The online route seems the most convenient for me.


----------



## Ameriscot (Jan 4, 2016)

I know there are many online courses but I haven't taken them.  When I bought my DSLR in 2011 I bought some books to learn about lighting, speed, etc.  Also a couple of books on creative photography.  A course would be a good idea, so I guess online reviews would be the best bet to finding one.  

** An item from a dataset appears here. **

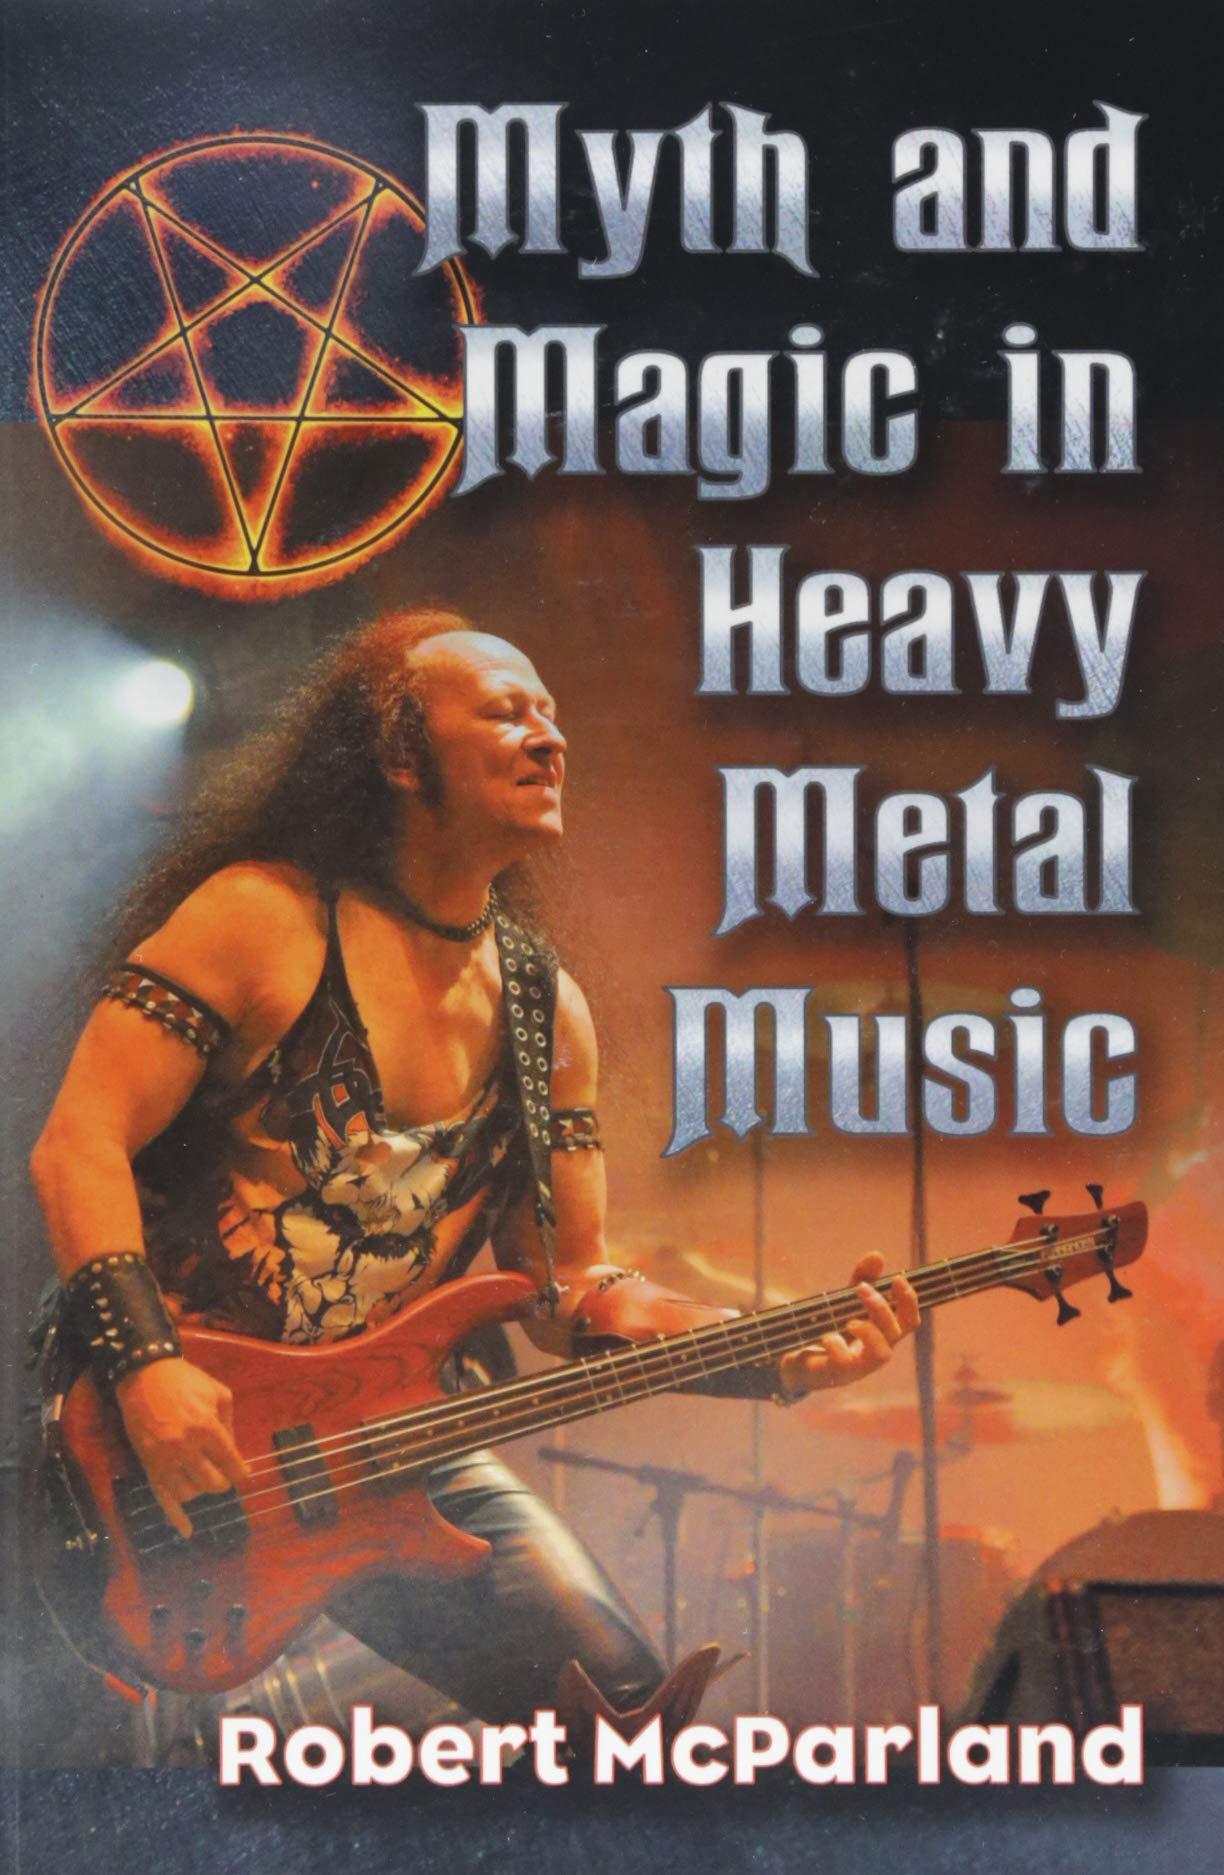 Myth and Magic in Heavy Metal Music: Robert McParland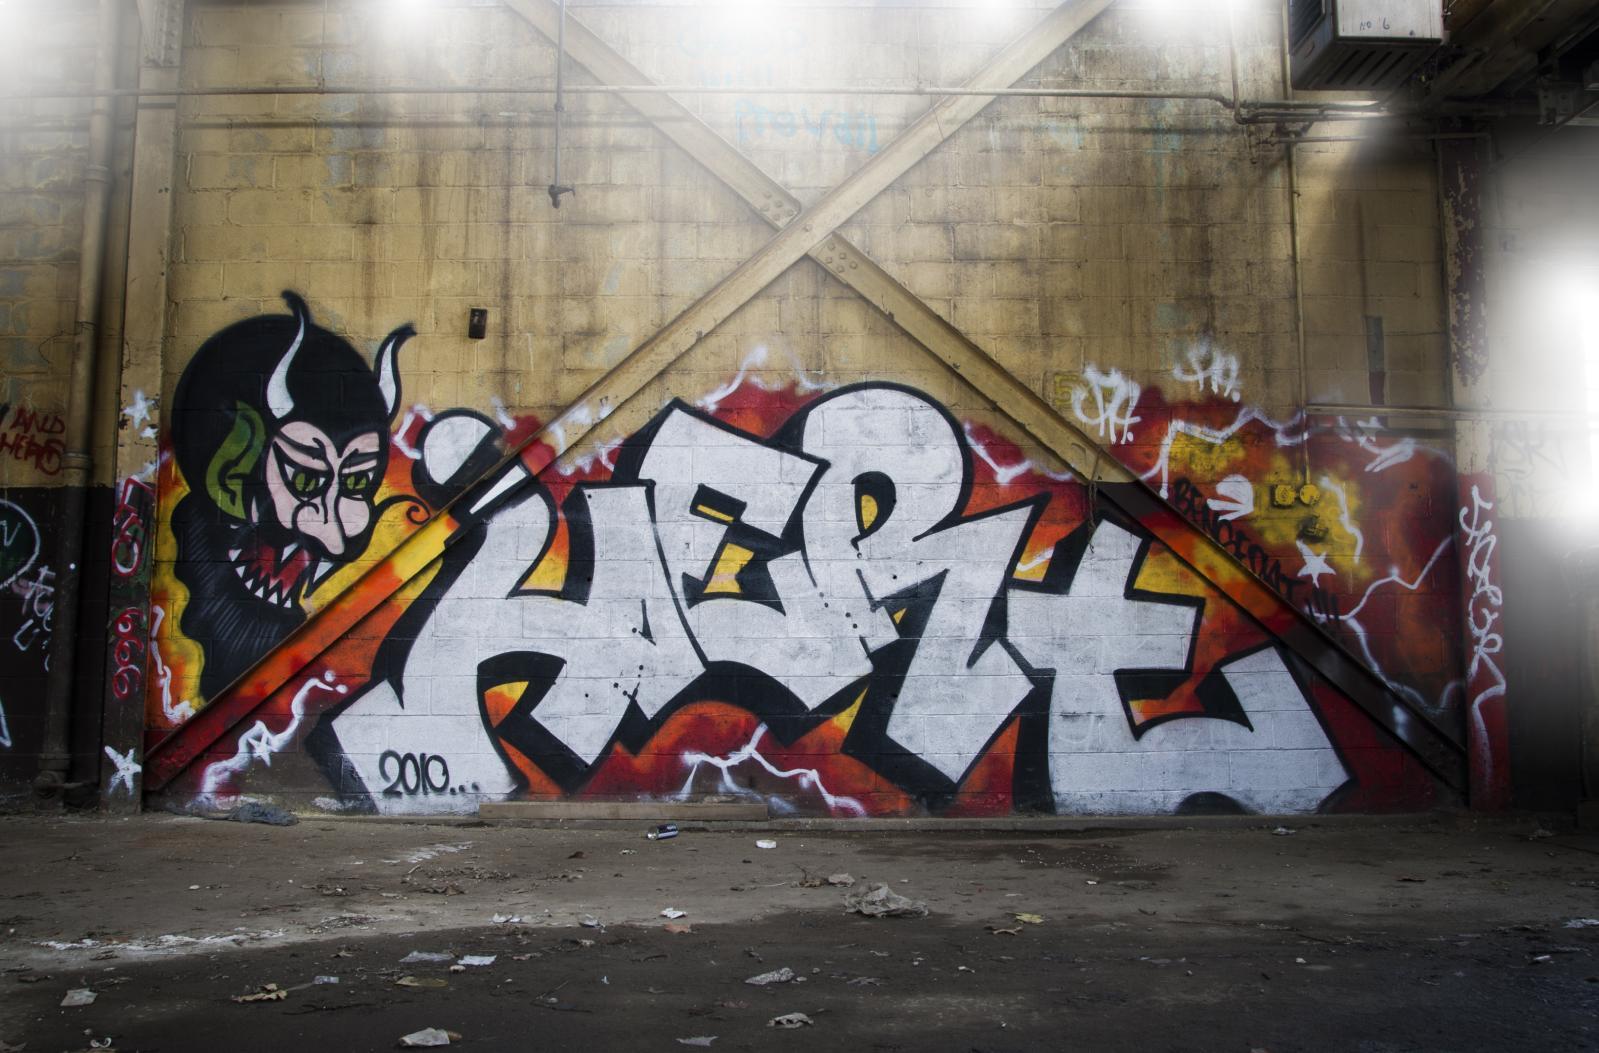 Dark wall devil graffiti street art mural art area newyork ny nyc newyorkcity queens piece hert

When you've made some progress I recommend joining one of the photo a day sites.  You get good feedback and you have to think about what you'll photograph everyday, which will make you more creative.  http://365project.org/


----------



## littleowl (Jan 7, 2016)

You will learn more by reading the book that comes with it and experimenting.


----------



## Denise1952 (Jan 11, 2016)

I don't know if I will ever continue with my experimentation, but I have looked at books, videos, and photo forums.  I think a class would help me "focus" lol  I need someone to lead me step by step.  Setting a camera for a shot is one of the hardest things I've ever attempted.  I don't know that I have the time to do "enough" experimenting left, LOL!!


----------



## Bobw235 (Jan 12, 2016)

I think a course will benefit me, though one must learn how to take advantage of all the features built into today's cameras.  The manual for my current camera was well over 100 pages.  I'm more interested in learning how to shoot different kinds of photos and use various accessories such as lens filters, lighting, different types of lenses, etc.  I want to learn more about macro photography, street photography, portraits and more.  My first love is landscapes and there is so much more to learn in that area alone.  Then there's the whole subject of post-processing using software.  I think I'll have plenty to keep me busy.


----------



## Denise1952 (Jan 12, 2016)

Sounds good Bob.  I am mostly about macro, love it!!  But would like to have a good handle on getting all the settings figured out, for any type of shot.  I don't know that I'll be able to take a class, but hope to at least "get out there" and try some things for now  For me, it will be the basic "point and shoot" camera, although my newest one has lots of settings.  It's a Fujifilm Finepix S w/24x Zoom.  That zoom is useless to me because whenever I zoom in on something, it blurs.  Haven't figured that out at all.

Anyone wanting to help with explaining some things to me, I'm all ears


----------



## rider1046 (Feb 7, 2016)

lynda.com is all you need, and very affordable.


----------